So I see, that this was not the typical workload...

I suggested minra, because it solved a similar problem at one of my students company (I'm a NetApp instructor):
Volume was used as backup target for TSM, lot's of Buffer related CPs, bad performance.
Since it didn't make any sense to try and 'read ahead' (and was suggested by NetApp), they turned it off on this volume. Solved the performance problem (and the buffer-related CPs)...

Extents are good for certain databases, 'space_optimized' is a setting that balances space usage and performance...

Since the 3240 doesn't have a lot of memory, FlexShare settings (e.g. Cache policies) that give ONTAP hints on how to use it's memory most efficiently (and where not to waste it) might also prove helpful.
E.g. minimizing FlashCache for volumes where it's not needed (e.g. Log-Volumes). Hint: you can dynamically set and re-set these policies.

Hope that helps

Sebastian


On 11/27/2013 10:21 AM, Alexander Griesser wrote:

Hi Sebastian,

 

well, in this particular case, the client was doing some heavy database restore operations, so it was mostly write.

I guess „minra“ stands for minimal read ahead, right?

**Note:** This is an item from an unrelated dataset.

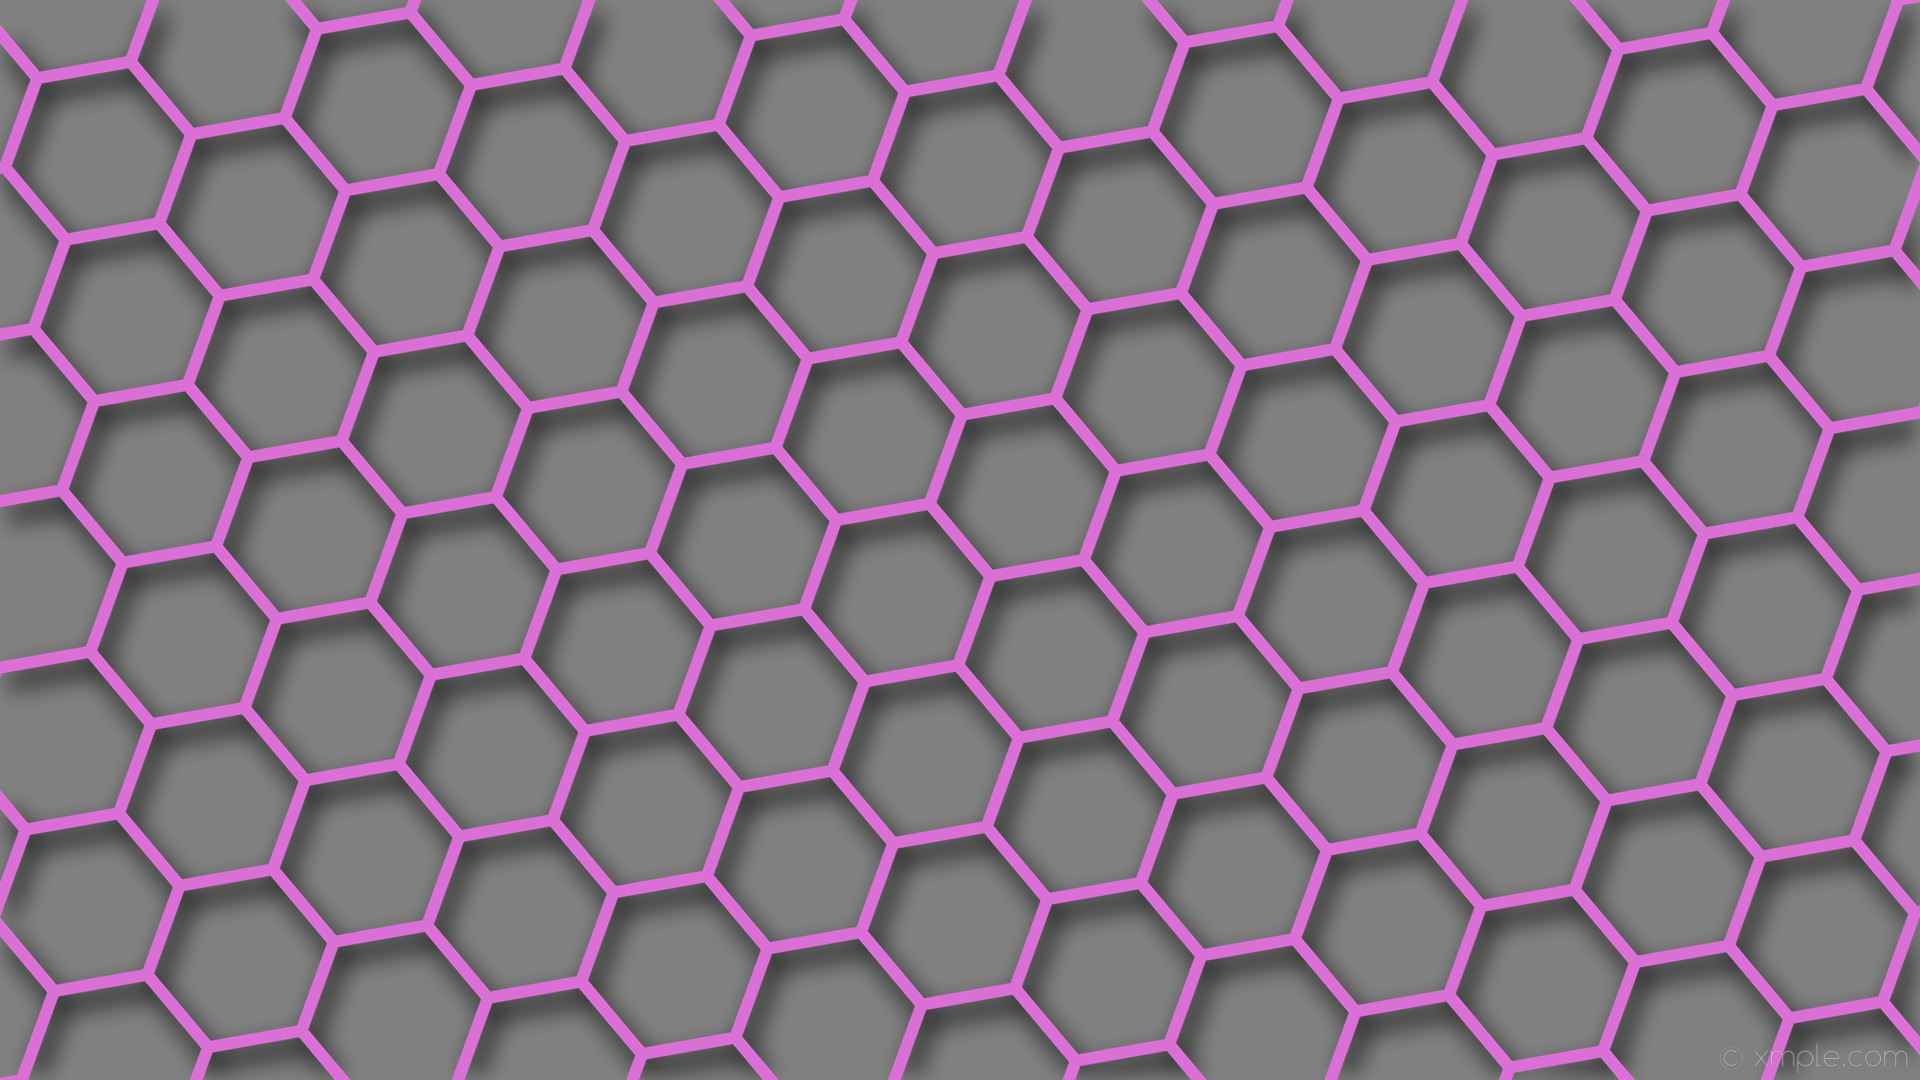 1920x1080 wallpaper beehive grey purple drop shadow hexagon orchid gray #da70d6  #808080 45Â° 12px

Didn’t try that yet – no_atime_update is set to off and I haven’t changed that – but it probably makes sense to set that on volumes containing only LUNs, so I guess at least activating no_atime_update can’t hurt in this case, right?

 

Maybe it would help if I knew what the M stands for to better understand what’s going on and what’s the cause for that… So right now I’m just guessing and changing options on the volumes without knowing the possible impacts can turn out bad :-/

 

Can you explain why you would suggest to turn on minra and change extent to space_optimized?

 

Thanks,

 

Alexander Griesser

System-Administrator

 

ANEXIA Internetdienstleistungs GmbH

 

Telefon: +43-5-0556-320

Telefax: +43-5-0556-500

 

E-Mail: ag@anexia.at

 

Anschrift Hauptsitz Klagenfurt: Feldkirchnerstraße 140, 9020 Klagenfurt

Geschäftsführer: Alexander Windbichler

Firmenbuch: FN 289918a | Gerichtsstand: Klagenfurt | UID-Nummer: AT U63216601

 

Von: Sebastian Goetze [mailto:spgoetze@gmail.com
Gesendet: Mittwoch, 27. November 2013 10:15
An: Alexander Griesser; toasters@teaparty.net
Betreff: Re: Consistency Point Type M

 

Hi Alexander,

hmmmm. Only ISCSI. Lot's of writing, hardly reading.

Did you try (or evaluate) setting 'minra on' on the volumes that are active?
And 'no_atime_update on'?
Maybe 'extent space_optimized', if applicable?  (random write followed by sequential read)

Just some ideas...

Sebastian



On 11/27/2013 9:38 AM, Alexander Griesser wrote:

Good morning,

 

does anyone know what consistency point type M is and what’s causing it? I was getting them yesterday on one of my 3240s, 8.1.3P1, it has a Flash Cache Card installed if that’s relevant for this problem.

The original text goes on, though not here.